第54章 为什么要推开我,你又开始害怕我了吗

作者:什洛娘
  他纹丝不动,反而被我的反抗激起更强烈的反应,那只探入我衣摆的手骤然收紧,指尖深深掐入我腰侧的皮肉,带来尖锐的痛感。

  “别推我……” 他含糊地嘶声,滚烫的嘴唇离开我的脖颈,转而寻到我的耳垂,惩罚似的用牙齿不轻不重地咬了一下,激得我浑身一颤,“不许推我…你是我的…我的……”

  他的另一只手也从我腰间松开,猛地向上,一把扣住了我的后脑,手指插进我的发丝,用力固定住我的头,让我无法再闪避。

  “看着我!” 他强迫我抬起眼与他对视。

  他的眼睛在昏暗光线下红得吓人,“为什么要推开我? 你又开始害怕我了吗?”

  他的拇指用力摩挲着我的脸颊,力道大得几乎要擦破皮肤,身体紧紧将我压在门板上,坚硬的门把手硌着我的后背,传来阵阵钝痛。

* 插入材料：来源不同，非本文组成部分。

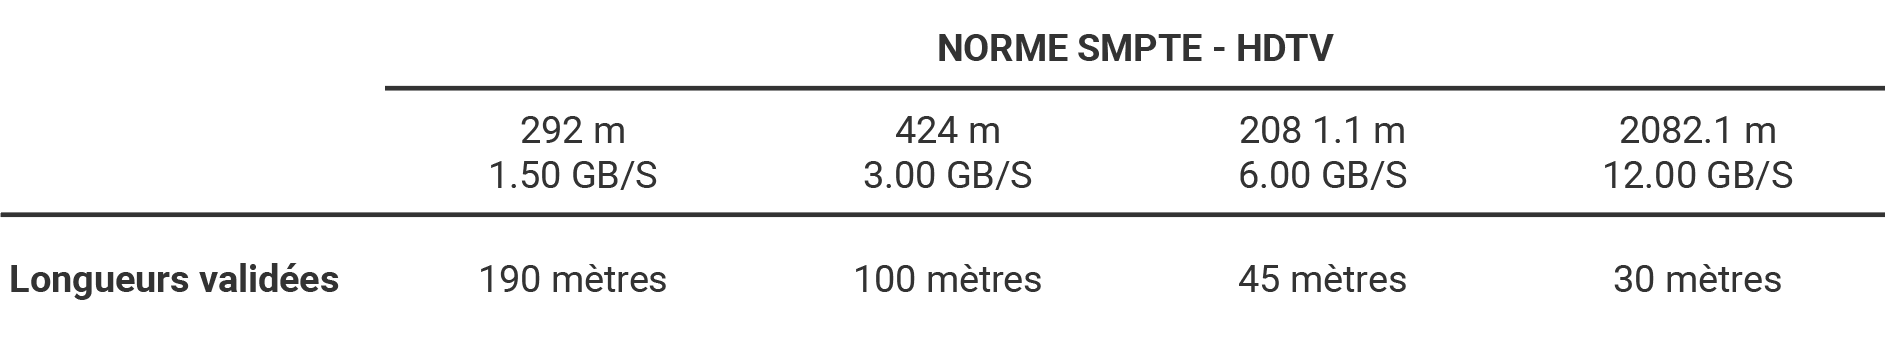 NORME SMPTE - HDTV

  “方阳,你清醒一点!” 我试图用现实唤醒他,声音发颤。

  我的话音未落,他滚烫的唇再次压了下来。

  推搡、扭动……所有的挣扎在他的力量优势面前都徒劳无功,他喉咙里发出不满的闷哼,突然松开了我的唇,却在我得以喘息的瞬间,猛地弯腰,将我整个人拦腰抱了起来!

  天旋地转。

  我惊叫一声,双手本能地攀住他的肩膀。

  他抱着我,踉跄着朝几步之外的床走去。

  浓烈的酒气和一种更危险的气息完全笼罩了我。

  我被重重地抛在了柔软的床铺上,虽然不疼,但晕眩感更甚。还未来得及起身,他沉重的身躯已经紧跟着覆压下来,再次将我牢牢困住。

  “不要……” 我徒劳地用手抵住他再次压下来的胸膛,声音里终于带上了明显的恐惧和绝望,“方阳!你看看这是哪里!你醒醒!”

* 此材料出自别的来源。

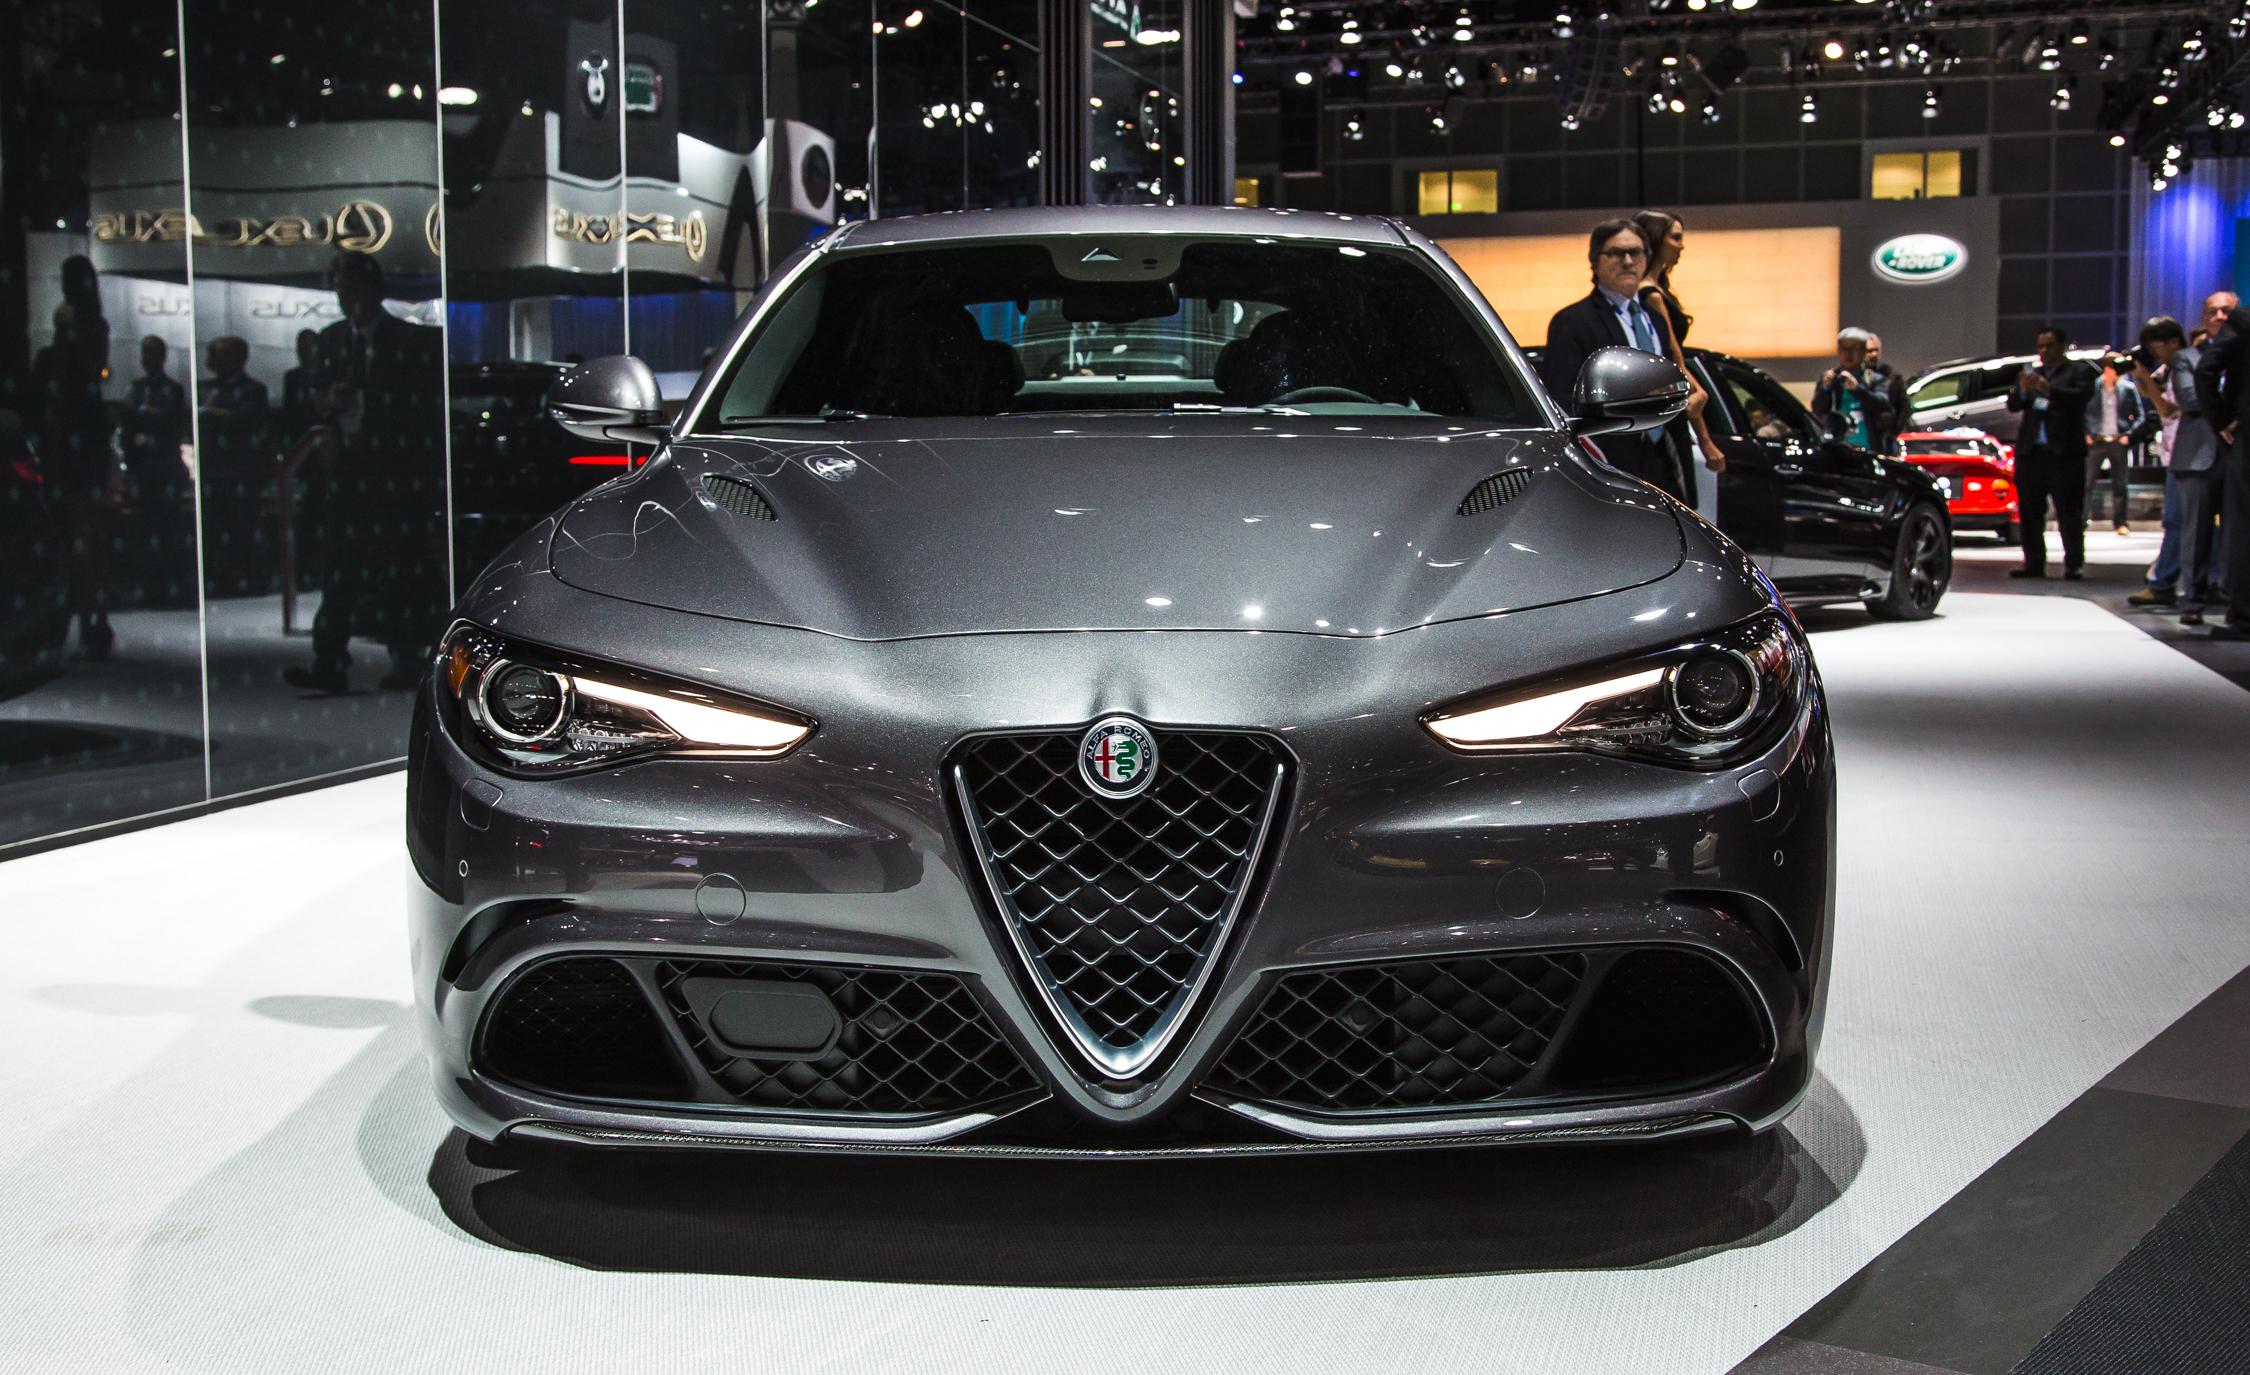 2017 Alfa Romeo Giulia Quadrifoglio Front End Exterior

  他充耳不闻,那双赤红的眼睛只死死锁着我, “你是我的。”

  他声音嘶哑,滚烫的吻再次落下,比刚才更加狂暴,从额头到眼睛,再到鼻尖、嘴唇、下巴……一路向下,留下湿热的痕迹。

  他的手胡乱地撕扯着我的衣物,我的眼泪终于控制不住地涌了出来,就在我以为今晚将不可避免地变成更糟糕的境地时,覆在我身上的重量猛地一沉。

  他所有的动作,戛然而止。

  方才还失控的人,此刻头颅重重地垂落,砸在我的颈窝边。滚烫的呼吸变得沉重而缓慢,喷在我的皮肤上,带着未散的酒气。

  他竟然……睡着了?

  看来还是喝得太多了。

  我僵了好一会儿,直到确认压在身上的人确实失去了意识,才敢用力将他从我身上推开。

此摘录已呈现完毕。